Best way to handle security and avoid XSS with user entered URLs

If you think URLs can't contain code, think again!

https://owasp.org/www-community/xss-filter-evasion-cheatsheet

Read that, and weep.

Here's how we do it on Stack Overflow:

/// <summary>
/// returns "safe" URL, stripping anything outside normal charsets for URL
/// </summary>
public static string SanitizeUrl(string url)
{
    return Regex.Replace(url, @"[^-A-Za-z0-9+&@#/%?=~_|!:,.;\(\)]", "");
}

The process of rendering a link "safe" should go through three or four steps:

  • Unescape/re-encode the string you've been given (RSnake has documented a number of tricks at http://ha.ckers.org/xss.html that use escaping and UTF encodings).
  • Clean the link up: Regexes are a good start - make sure to truncate the string or throw it away if it contains a " (or whatever you use to close the attributes in your output); If you're doing the links only as references to other information you can also force the protocol at the end of this process - if the portion before the first colon is not 'http' or 'https' then append 'http://' to the start. This allows you to create usable links from incomplete input as a user would type into a browser and gives you a last shot at tripping up whatever mischief someone has tried to sneak in.
  • Check that the result is a well formed URL (protocol://host.domain[:port][/path][/[file]][?queryField=queryValue][#anchor]).
  • Possibly check the result against a site blacklist or try to fetch it through some sort of malware checker.

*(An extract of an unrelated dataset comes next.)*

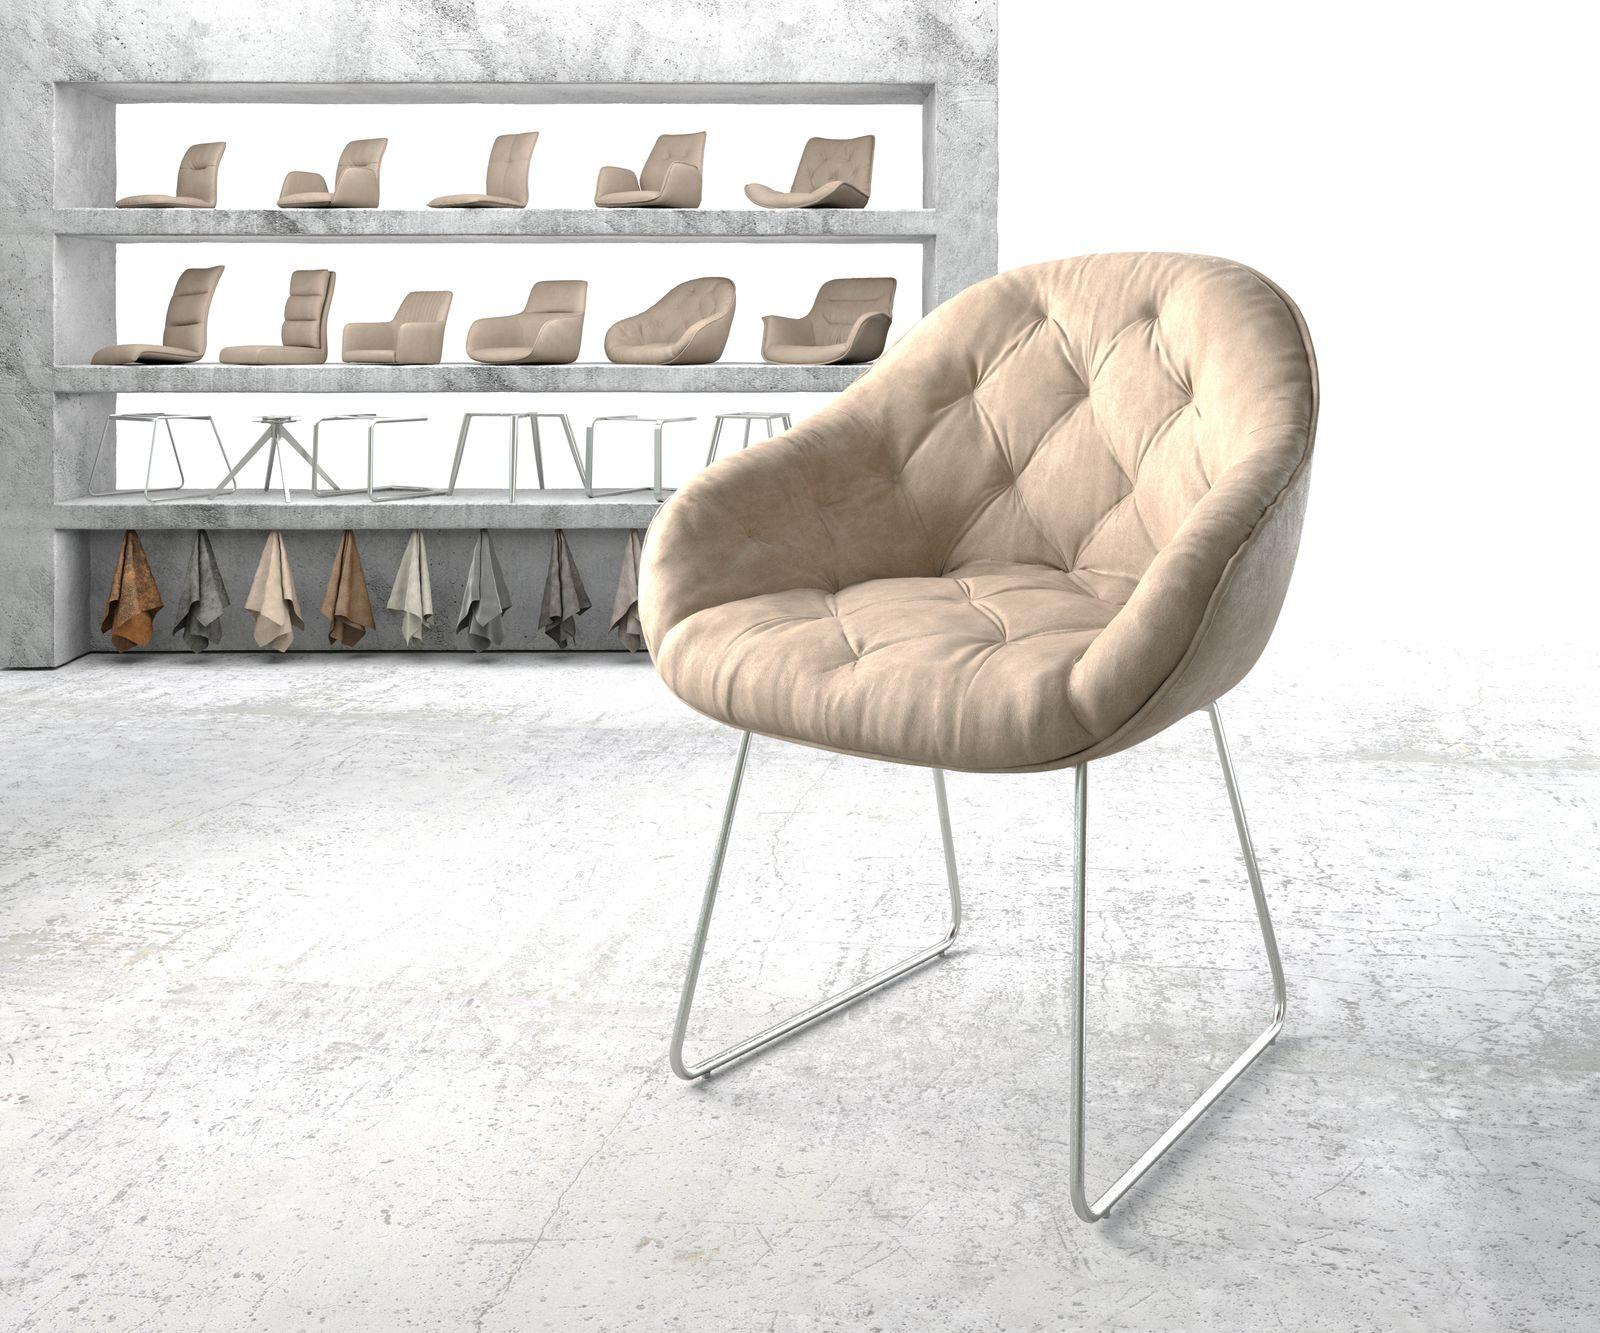 delife-armlehnstuhl-gaio-flex-beige-vintage-kufengestell-edelstahl-esszimmerstuhle
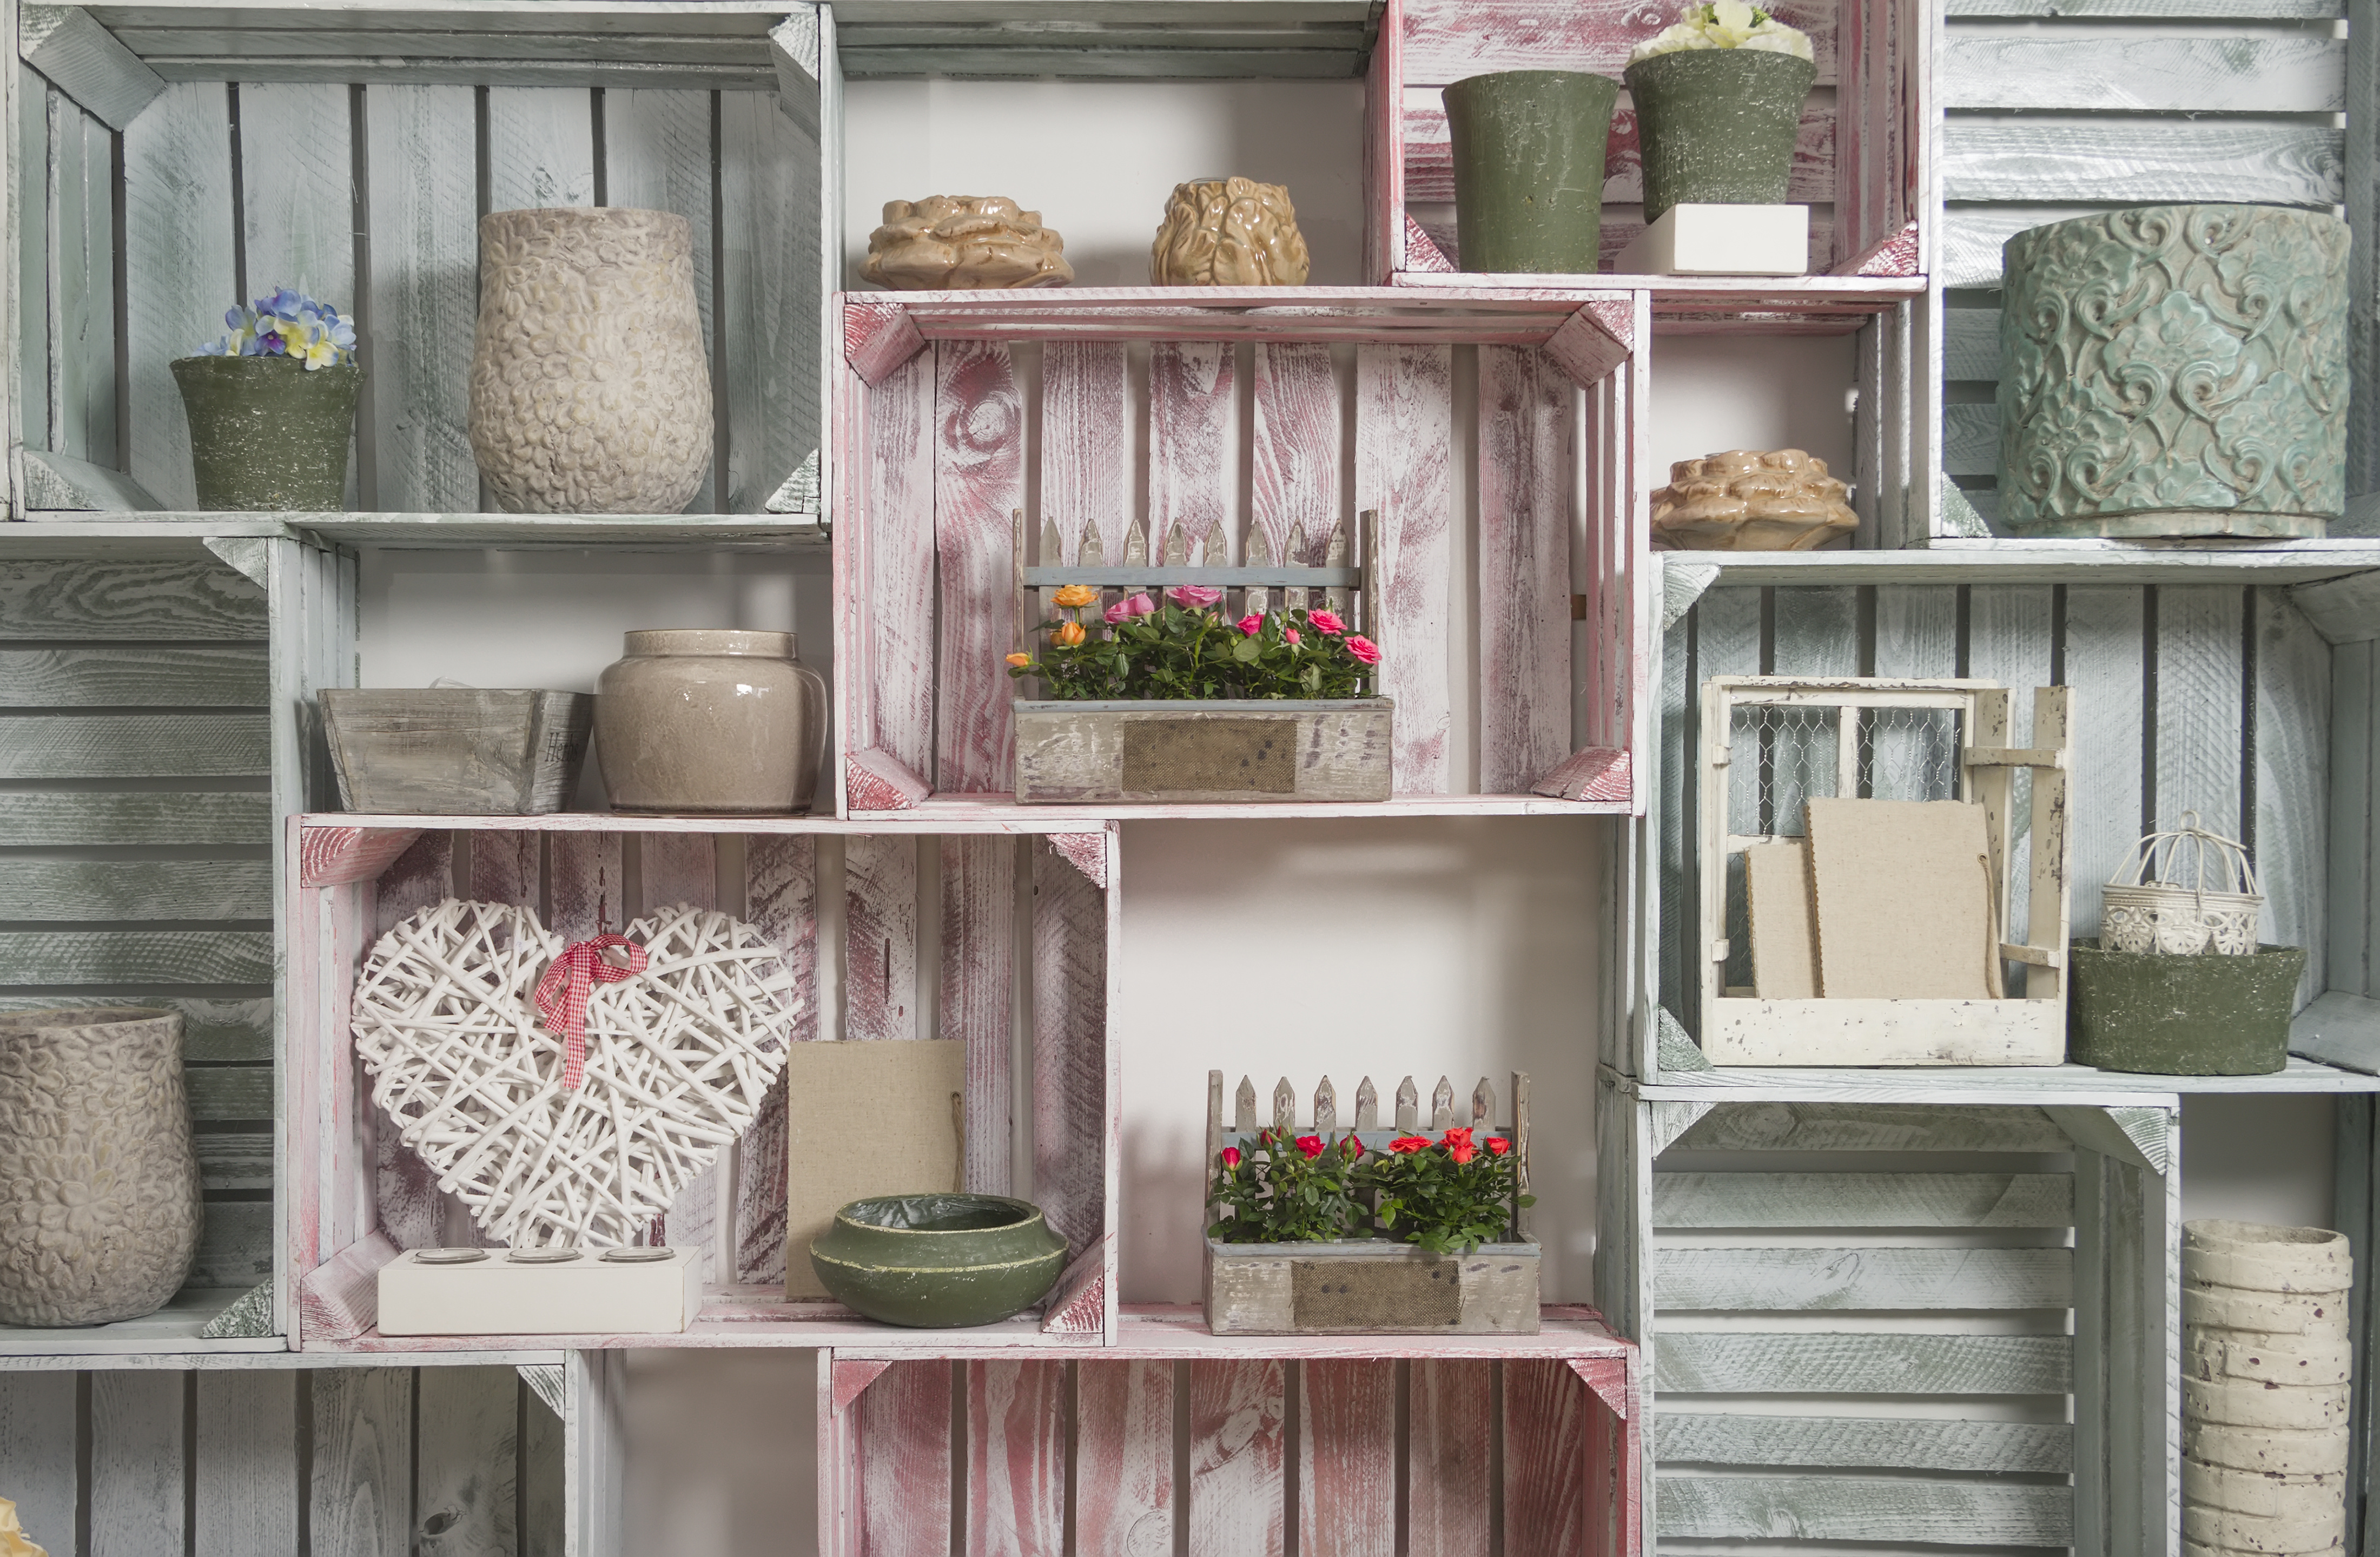 The Crafty Kitty | Vanilla, Chocolate and Strawberry Playdough

If security is a priority I would hope that the users would forgive a bit of paranoia in this process, even if it does end up throwing away some safe links.


Use a library, such as OWASP-ESAPI API:

  • PHP - http://code.google.com/p/owasp-esapi-php/
  • Java - http://code.google.com/p/owasp-esapi-java/
  • .NET - http://code.google.com/p/owasp-esapi-dotnet/
  • Python - http://code.google.com/p/owasp-esapi-python/

Read the following:

  • https://www.golemtechnologies.com/articles/prevent-xss#how-to-prevent-cross-site-scripting
  • https://www.owasp.org/
  • http://www.secbytes.com/blog/?p=253

For example:

$url = "http://stackoverflow.com"; // e.g., $_GET["user-homepage"];
$esapi = new ESAPI( "/etc/php5/esapi/ESAPI.xml" ); // Modified copy of ESAPI.xml
$sanitizer = ESAPI::getSanitizer();
$sanitized_url = $sanitizer->getSanitizedURL( "user-homepage", $url );

Another example is to use a built-in function. PHP's filter_var function is an example:

$url = "http://stackoverflow.com"; // e.g., $_GET["user-homepage"];
$sanitized_url = filter_var($url, FILTER_SANITIZE_URL);

Using filter_var allows javascript calls, and filters out schemes that are neither http nor https. Using the OWASP ESAPI Sanitizer is probably the best option.

Still another example is the code from WordPress:

  • http://core.trac.wordpress.org/browser/tags/3.5.1/wp-includes/formatting.php#L2561

Additionally, since there is no way of knowing where the URL links (i.e., it might be a valid URL, but the contents of the URL could be mischievous), Google has a safe browsing API you can call:

  • https://developers.google.com/safe-browsing/lookup_guide

Rolling your own regex for sanitation is problematic for several reasons:

  • Unless you are Jon Skeet, the code will have errors.
  • Existing APIs have many hours of review and testing behind them.
  • Existing URL-validation APIs consider internationalization.
  • Existing APIs will be kept up-to-date with emerging standards.

Other issues to consider:

  • What schemes do you permit (are file:/// and telnet:// acceptable)?
  • What restrictions do you want to place on the content of the URL (are malware URLs acceptable)?

Just HTMLEncode the links when you output them. Make sure you don't allow javascript: links. (It's best to have a whitelist of protocols that are accepted, e.g., http, https, and mailto.)